**Task input**
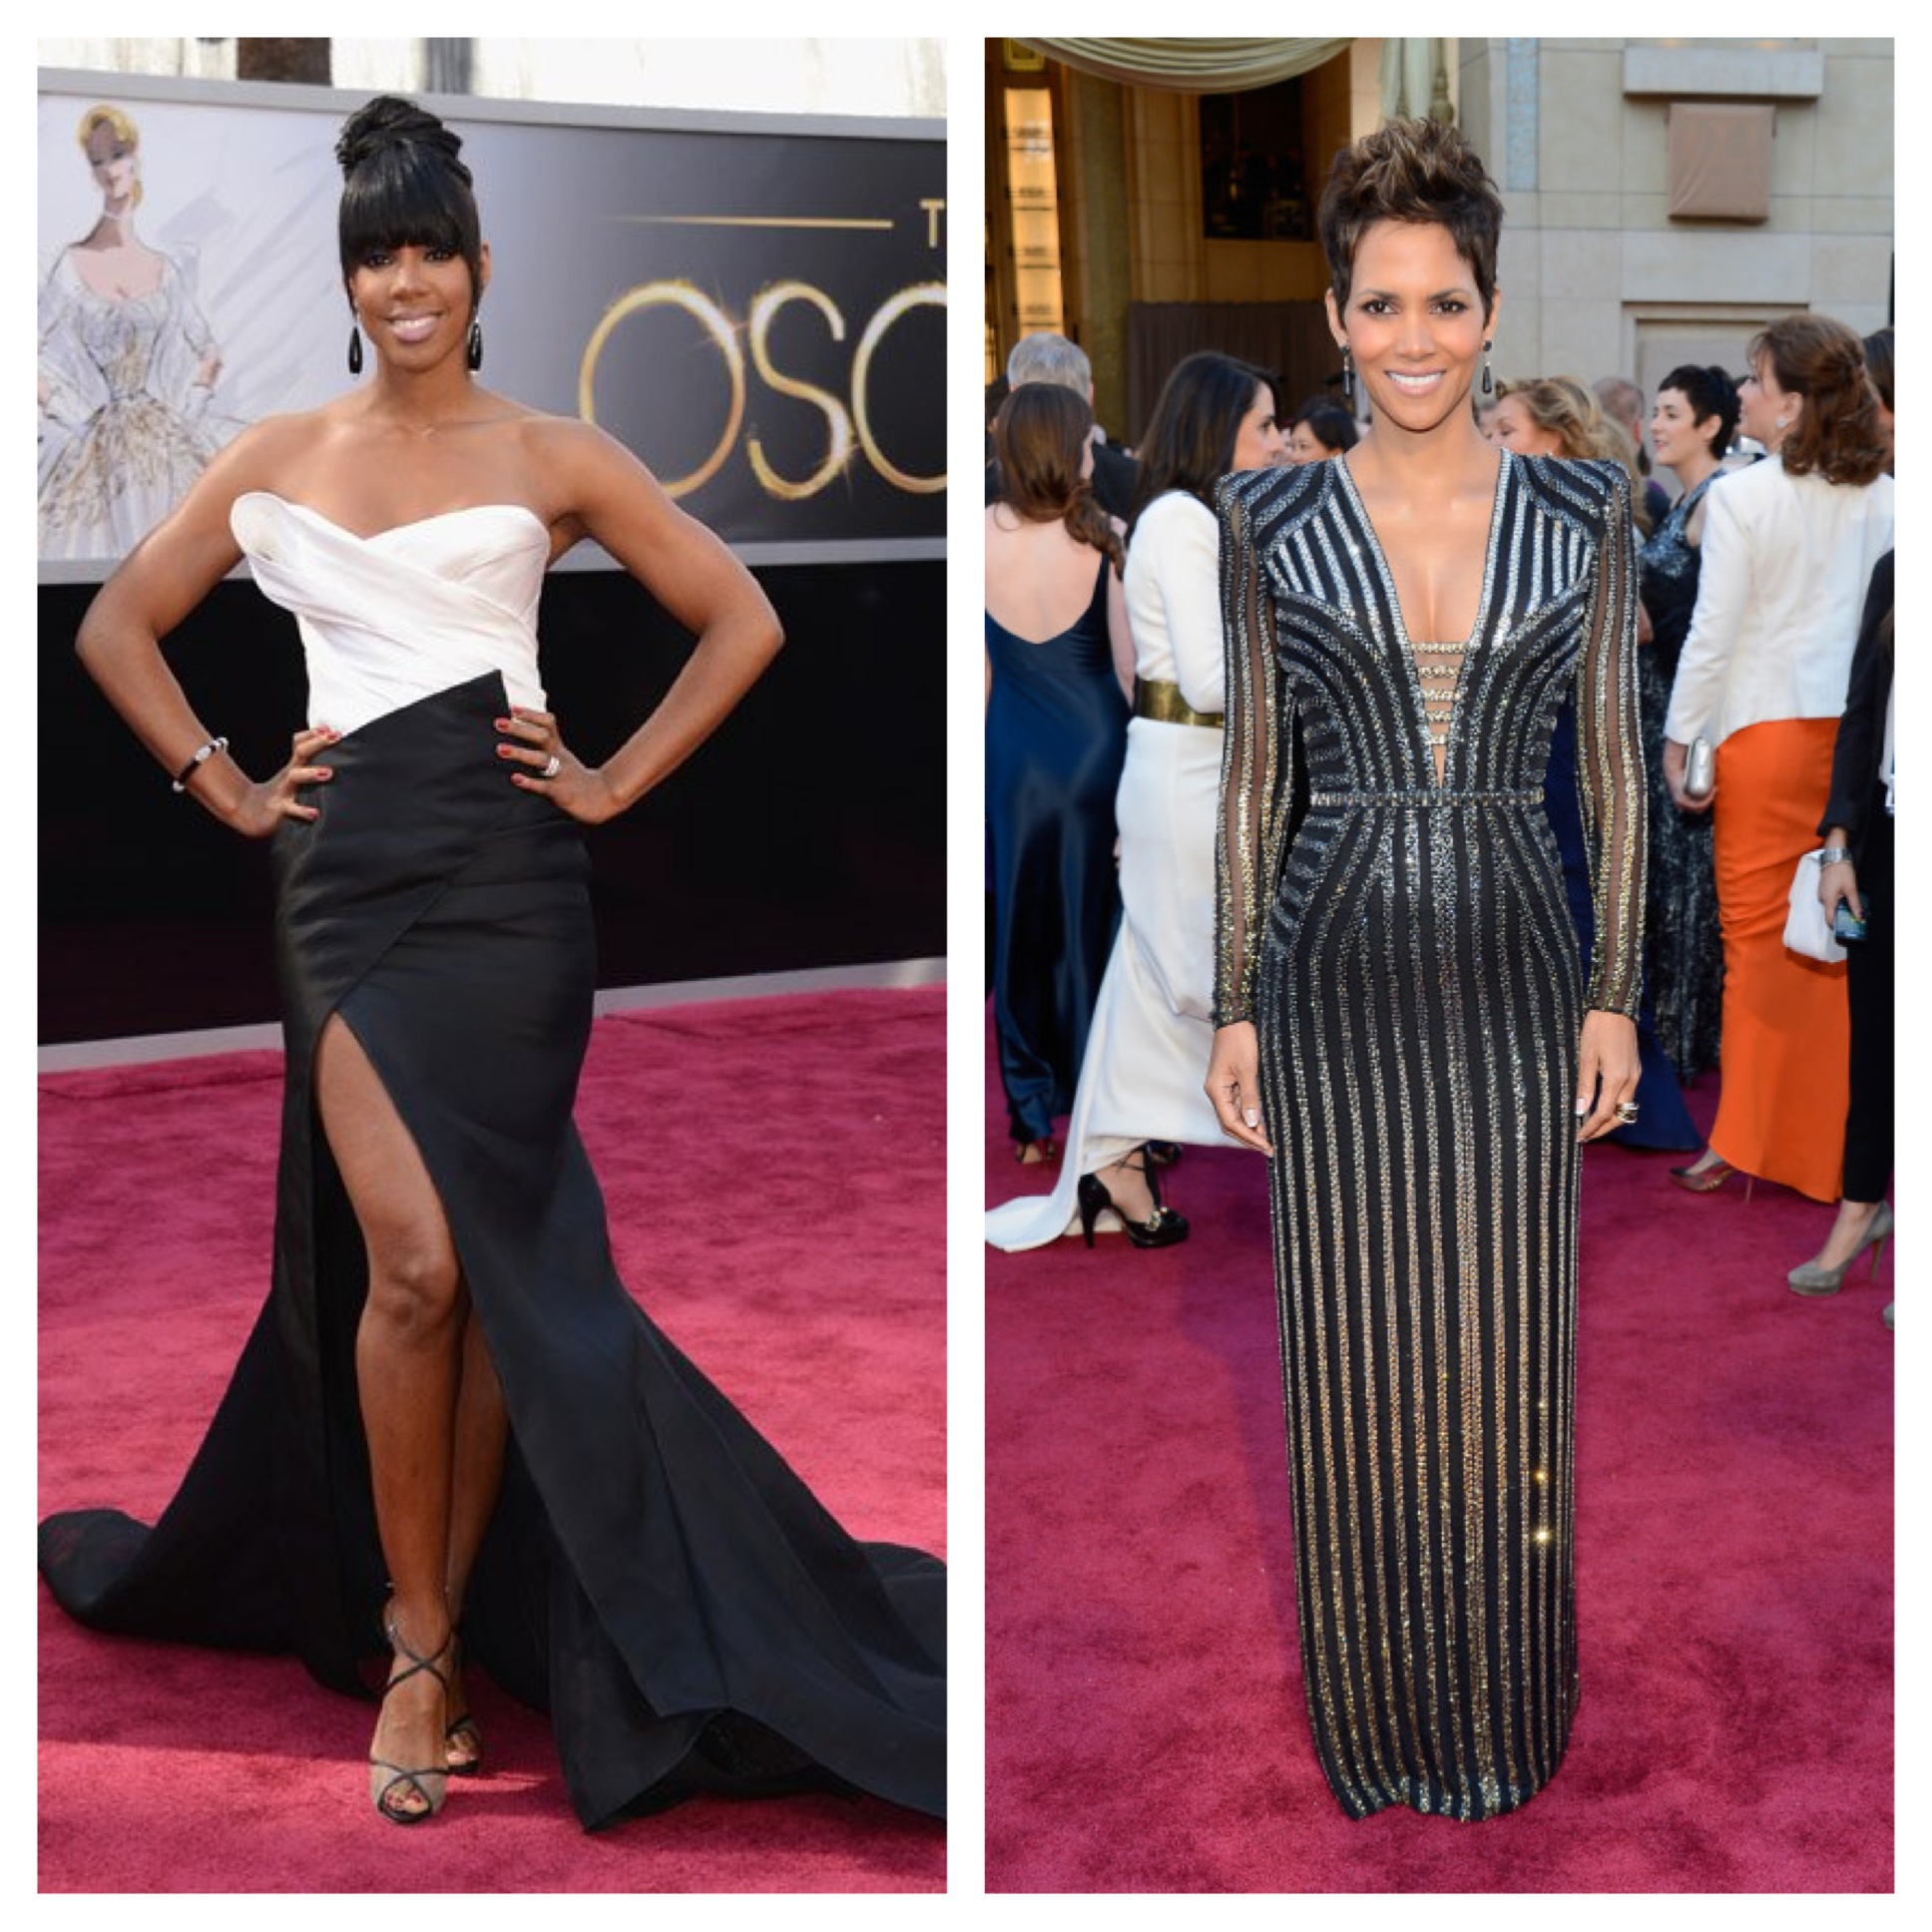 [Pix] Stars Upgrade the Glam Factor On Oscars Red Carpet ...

* * *

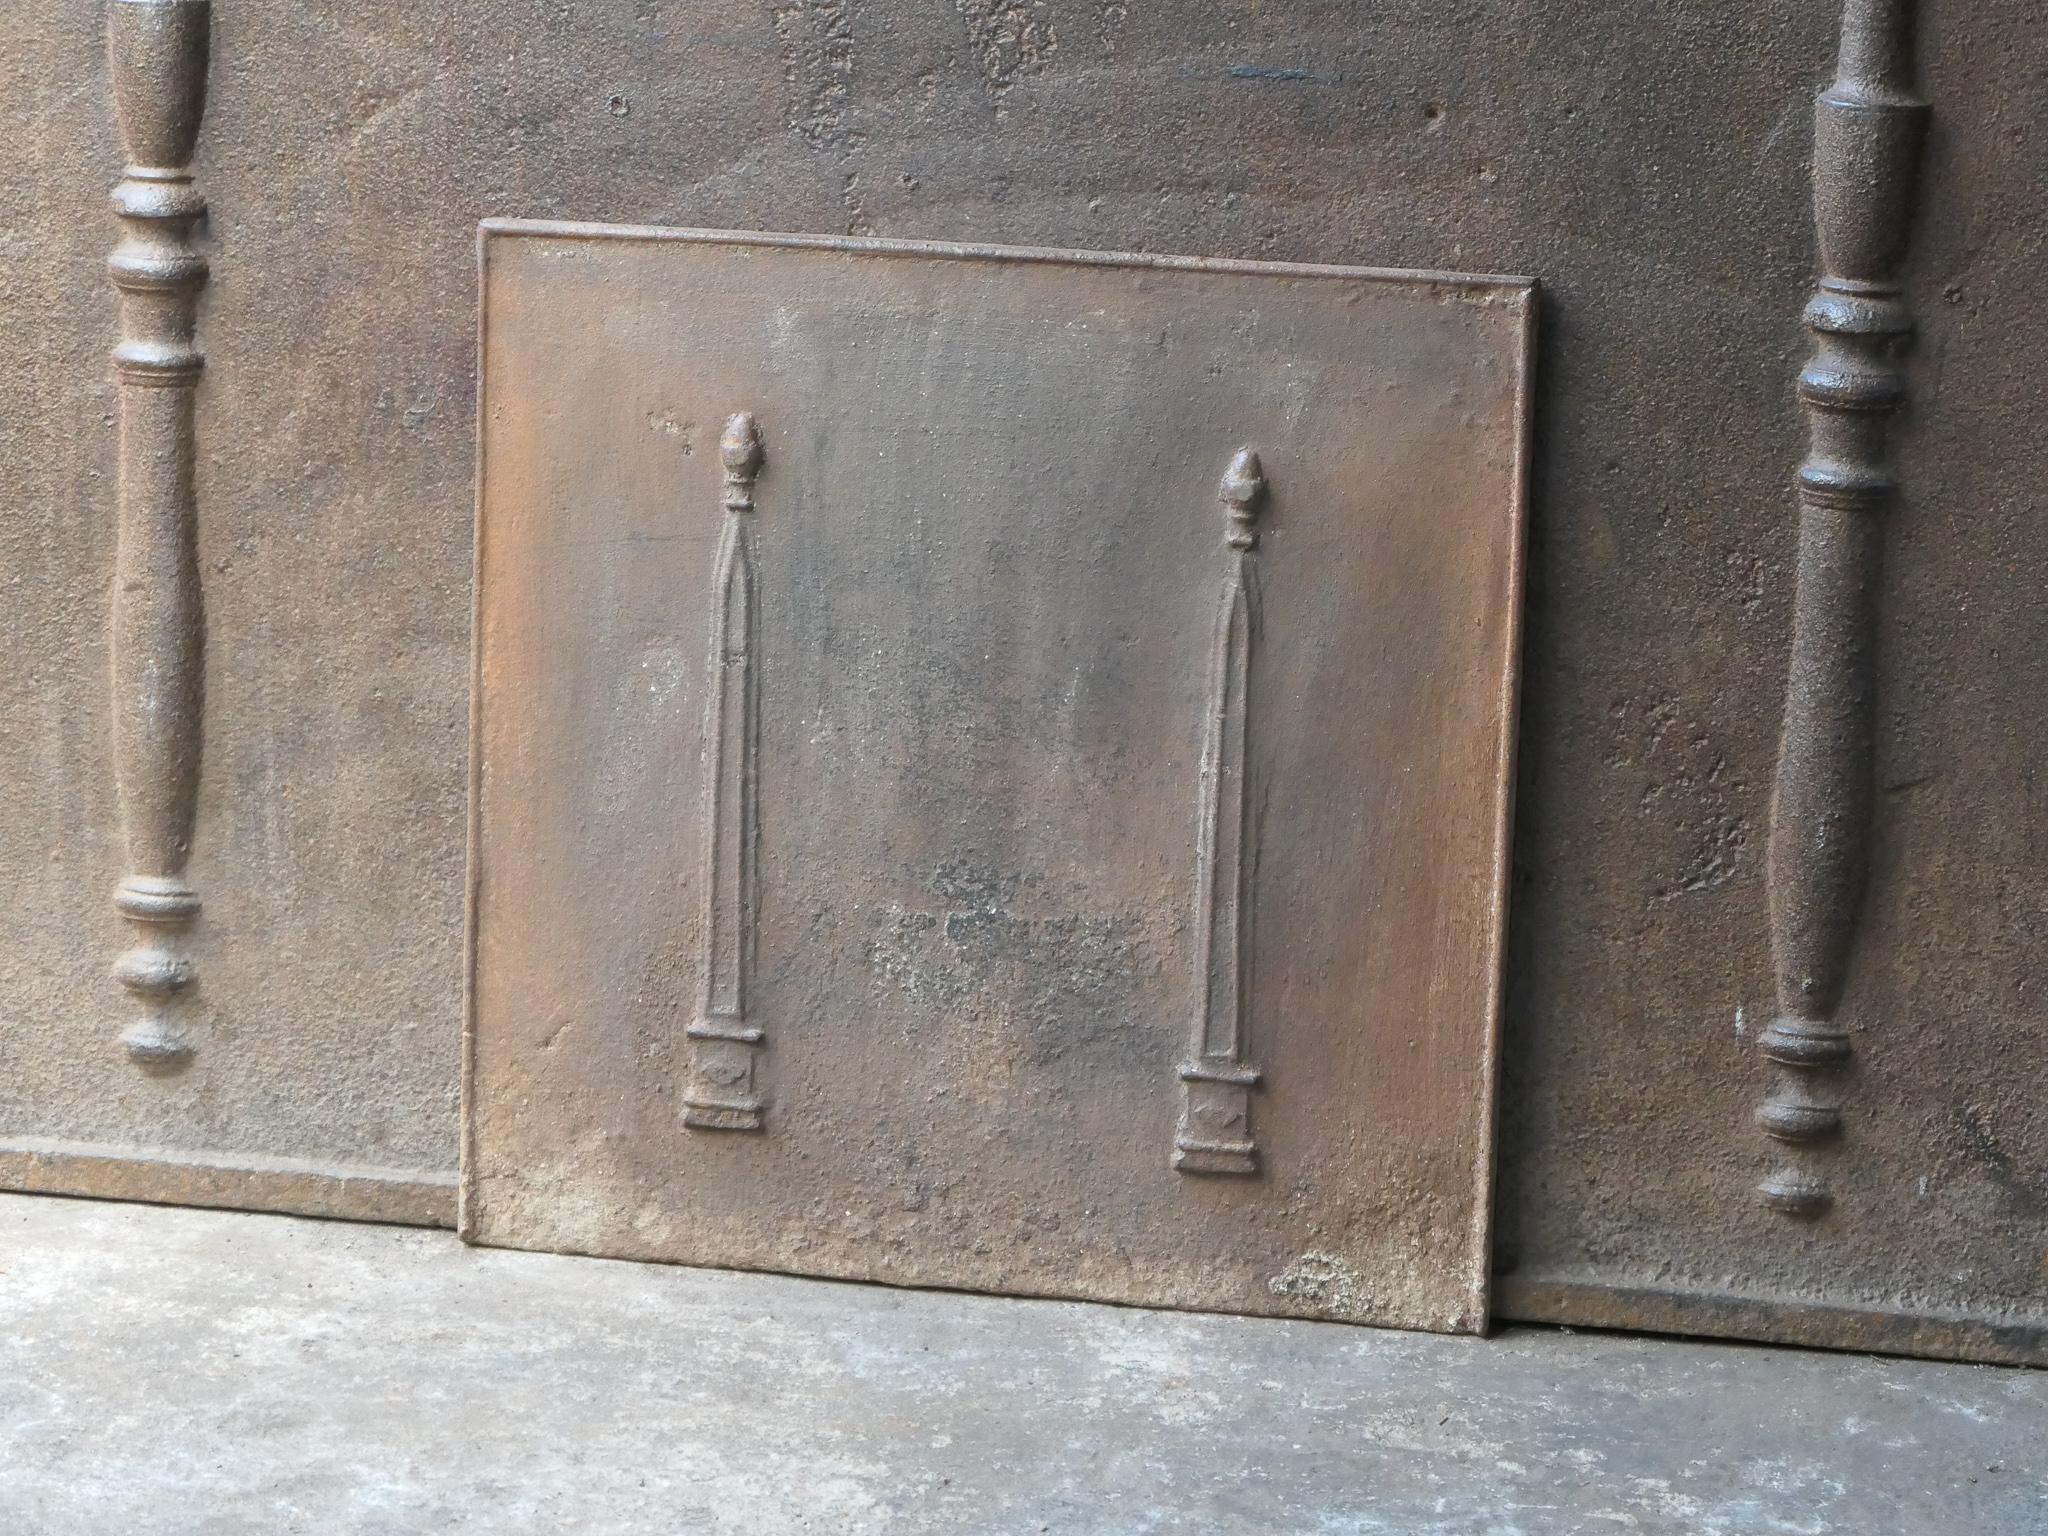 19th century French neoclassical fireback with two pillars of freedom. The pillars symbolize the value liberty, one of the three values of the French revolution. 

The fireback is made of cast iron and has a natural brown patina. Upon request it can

**What to work on**
Retype only the lines above from the one with "19th century French" through the one with "The fireback is", exactly and with both ends. Images stay out.

**Expected output**
 19th century French neoclassical fireback with two pillars of freedom. The pillars symbolize the value liberty, one of the three values of the French revolution. 

The fireback is made of cast iron and has a natural brown patina. Upon request it can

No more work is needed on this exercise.